Work to be completed - Print the whole listing exactly as it appears, but skip the pictures.

Material provided -
*** Block opens ***

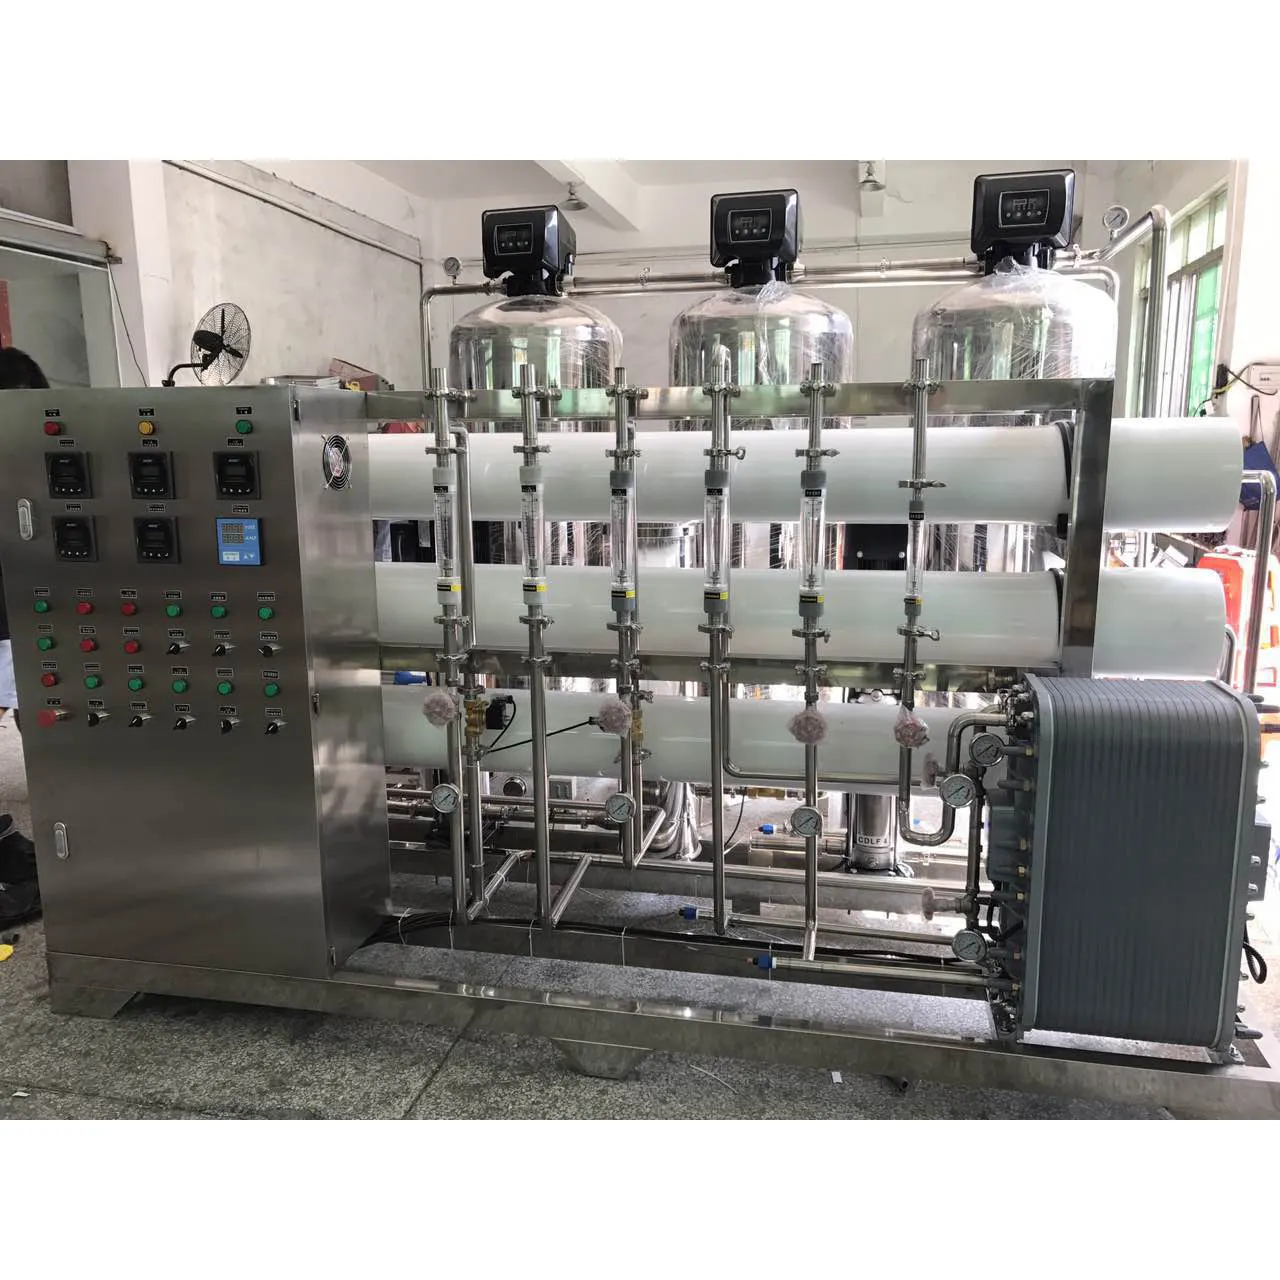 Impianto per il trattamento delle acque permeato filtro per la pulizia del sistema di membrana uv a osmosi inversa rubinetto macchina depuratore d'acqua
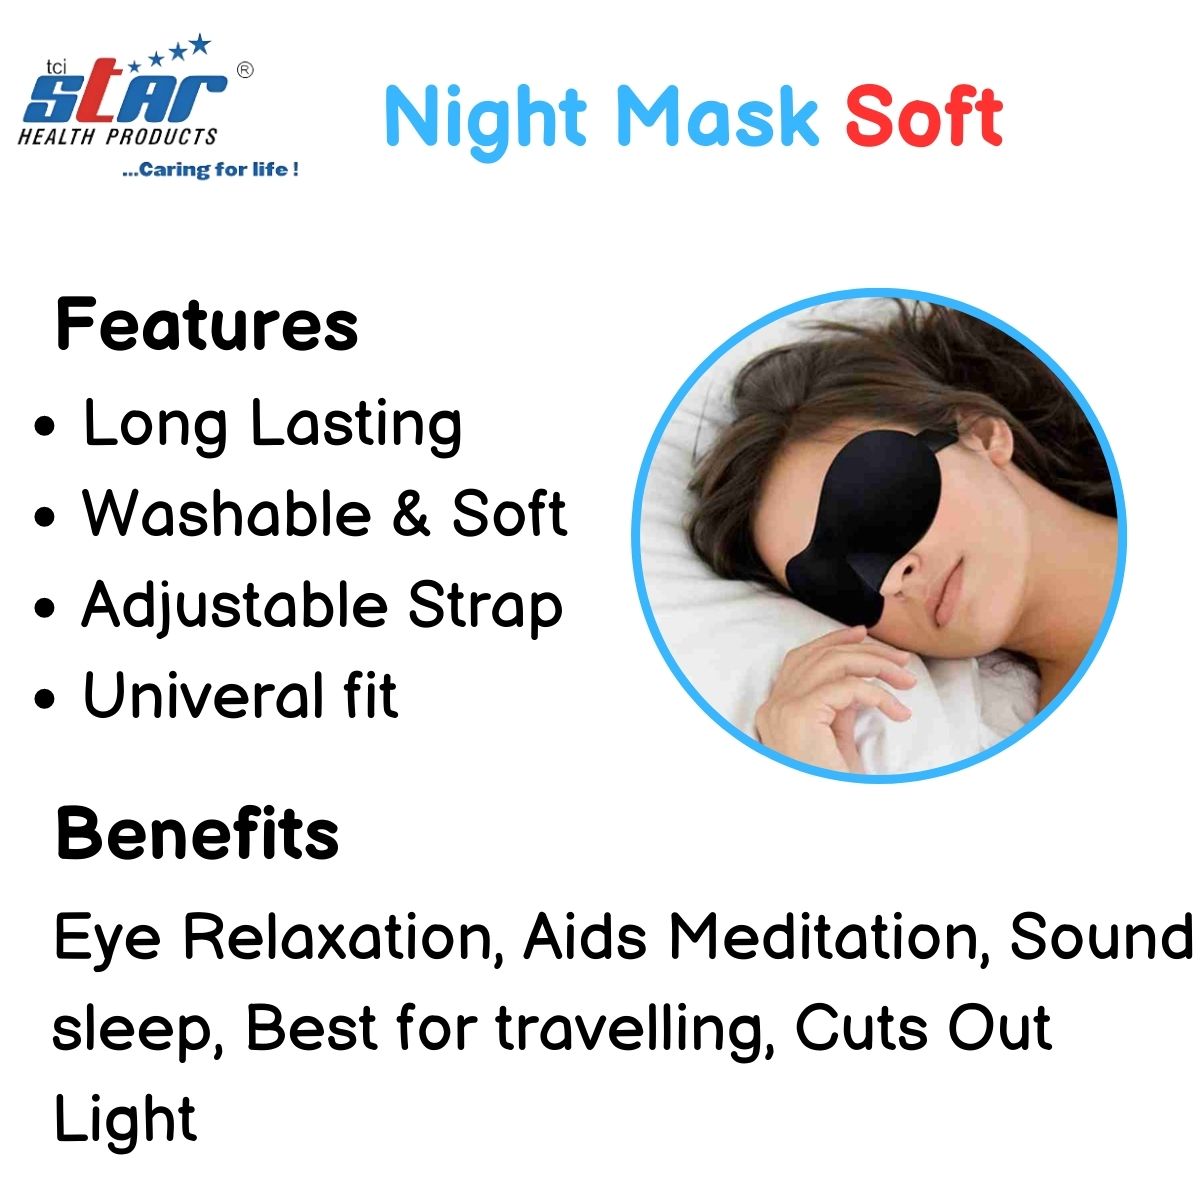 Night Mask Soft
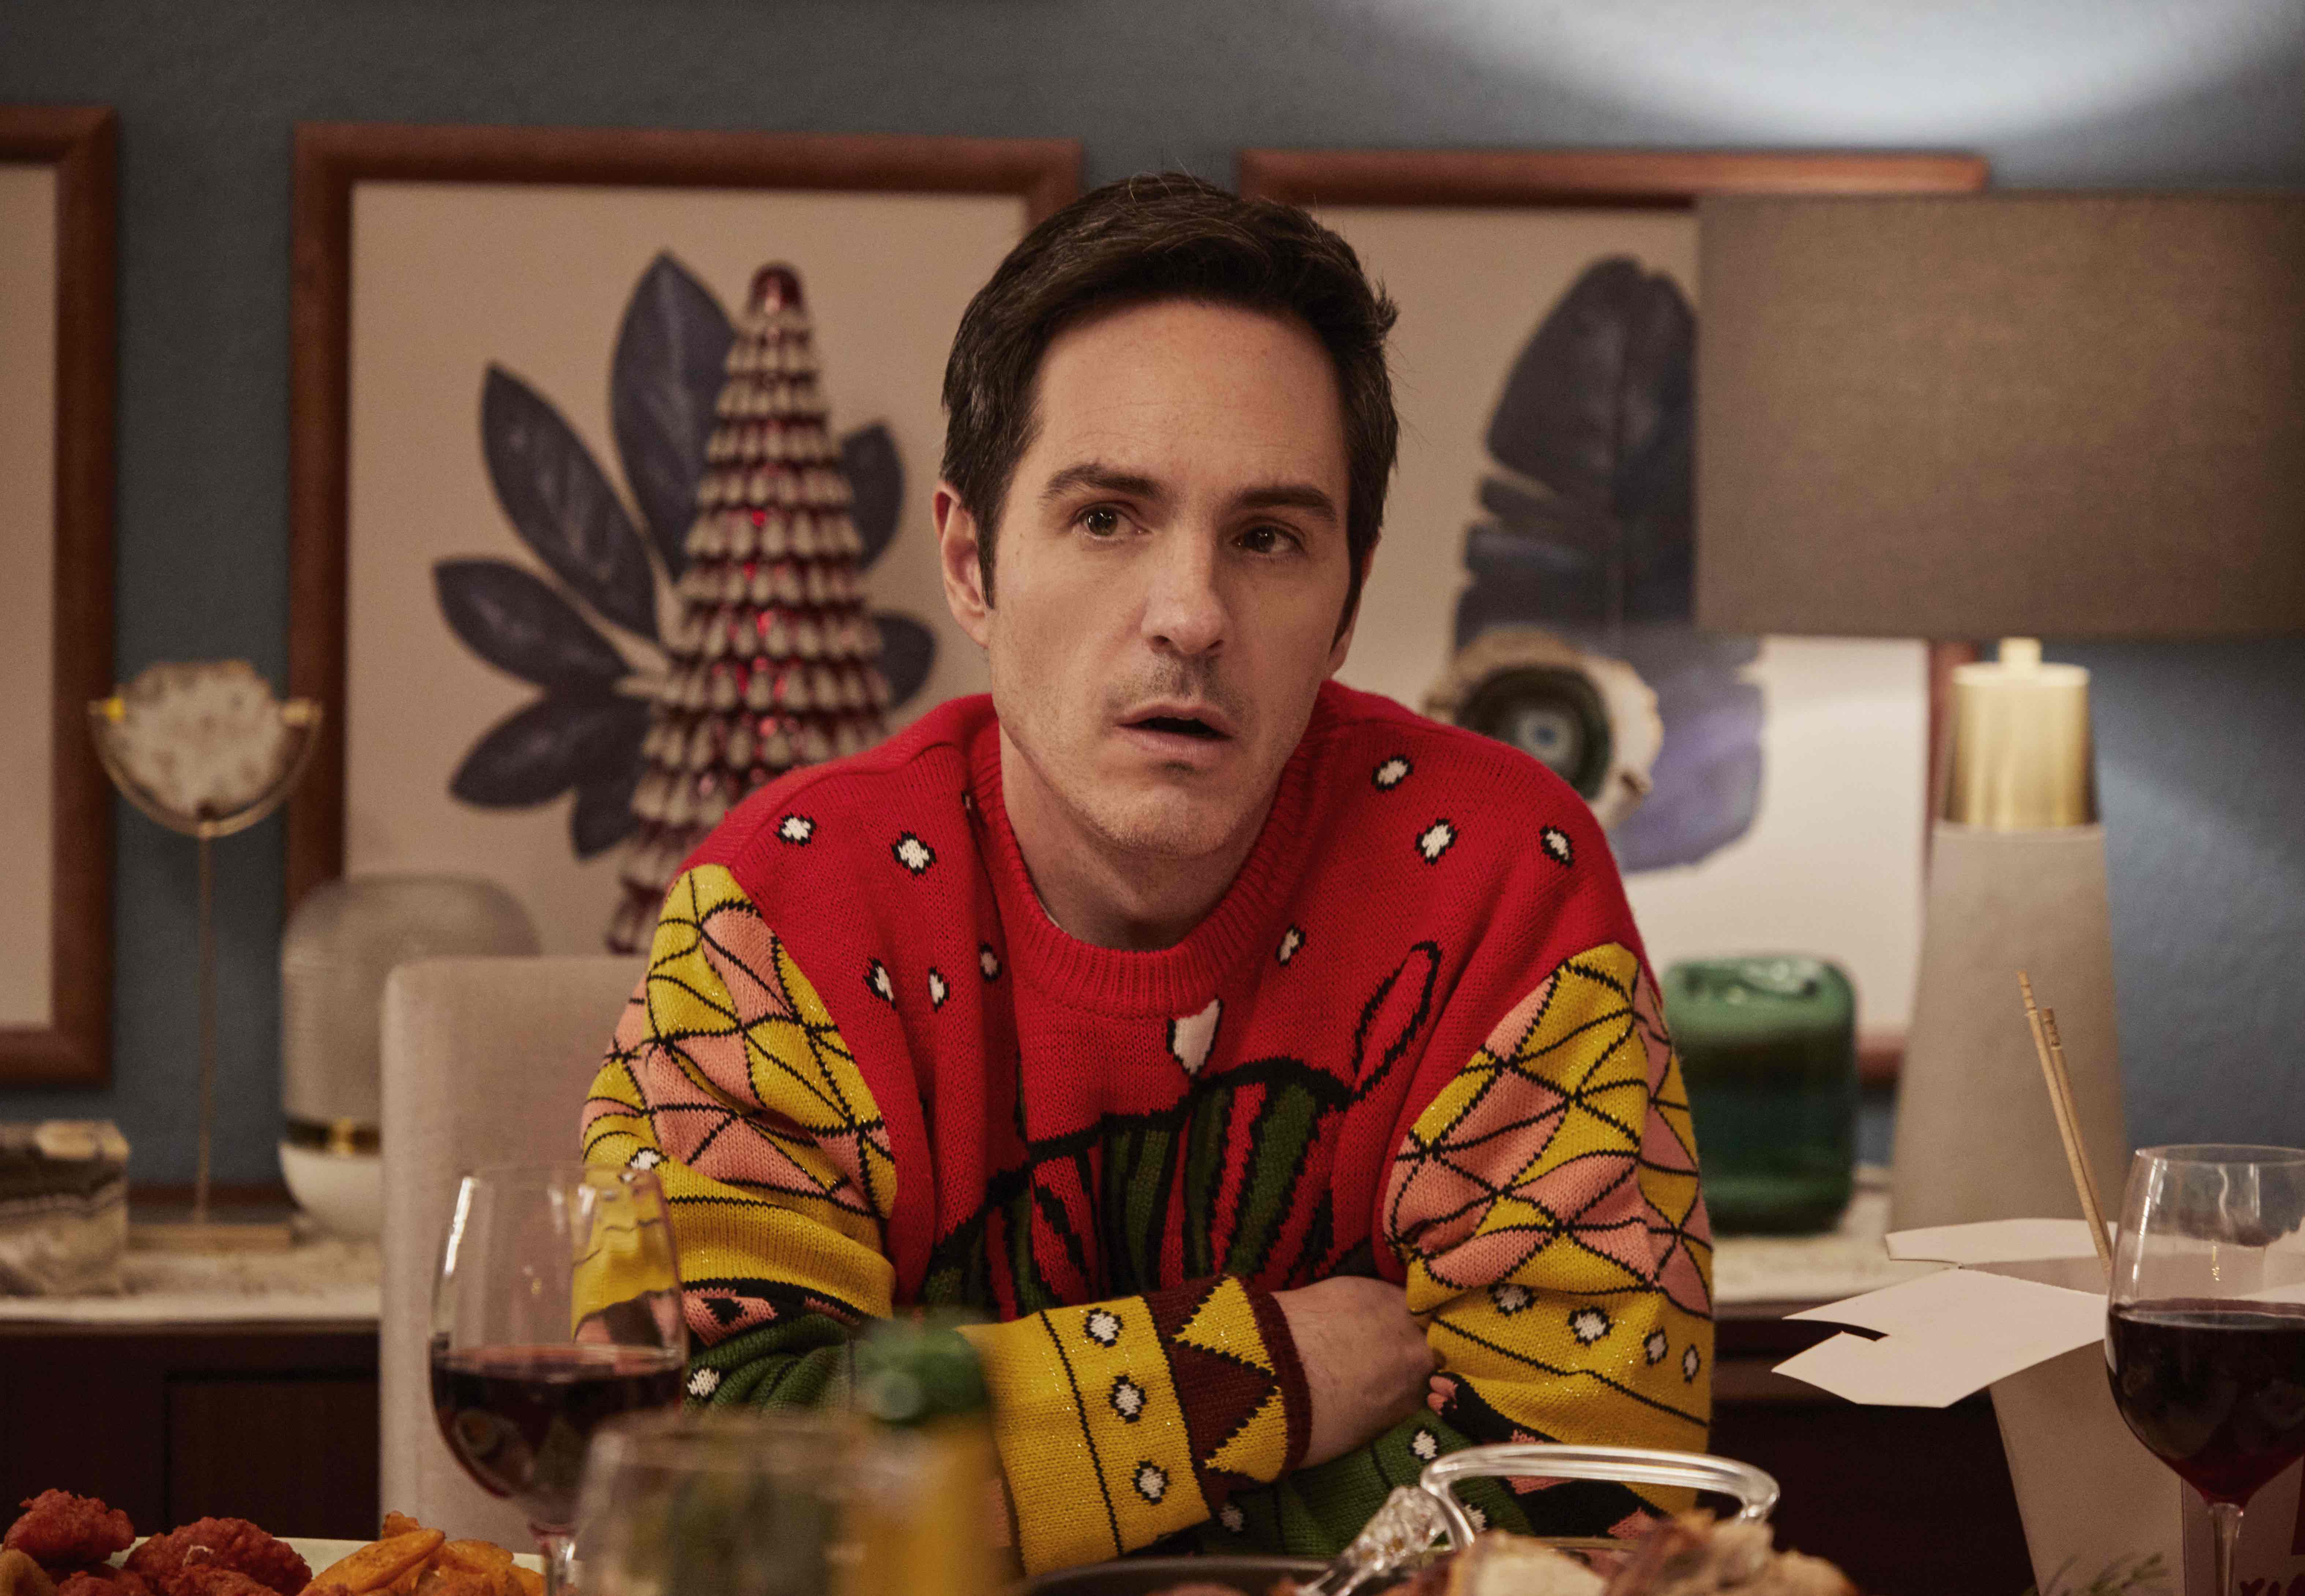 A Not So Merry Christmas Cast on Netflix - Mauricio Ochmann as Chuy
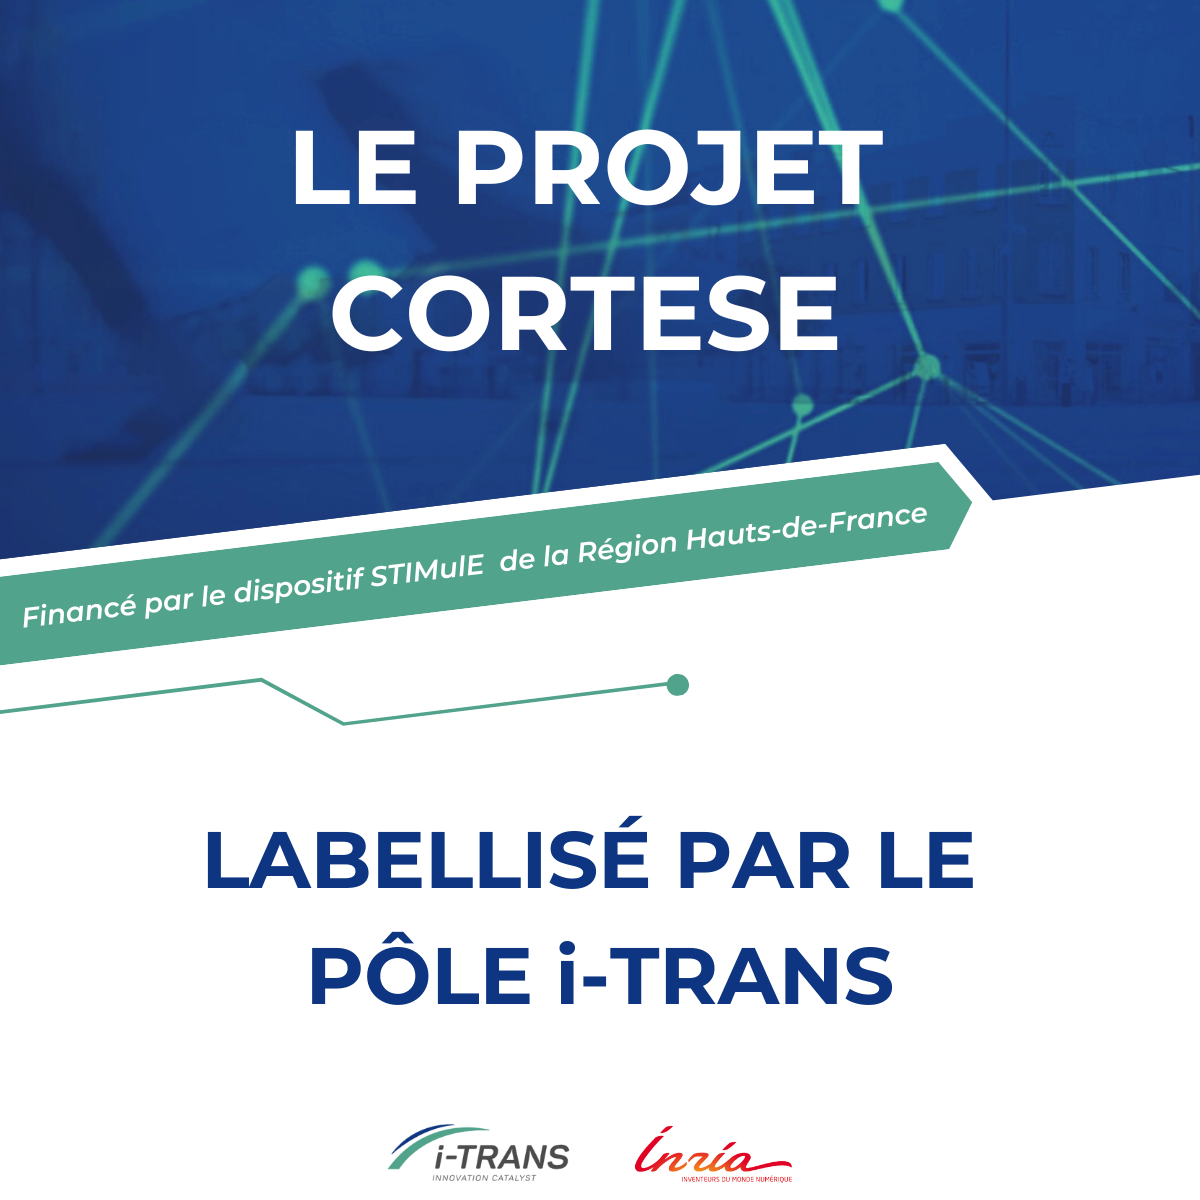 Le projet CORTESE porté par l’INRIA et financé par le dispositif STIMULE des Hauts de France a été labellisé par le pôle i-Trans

*** Block closes ***

Reply -
 Impianto per il trattamento delle acque permeato filtro per la pulizia del sistema di membrana uv a osmosi inversa rubinetto macchina depuratore d'acqua
 Night Mask Soft
 A Not So Merry Christmas Cast on Netflix - Mauricio Ochmann as Chuy
 Le projet CORTESE porté par l’INRIA et financé par le dispositif STIMULE des Hauts de France a été labellisé par le pôle i-Trans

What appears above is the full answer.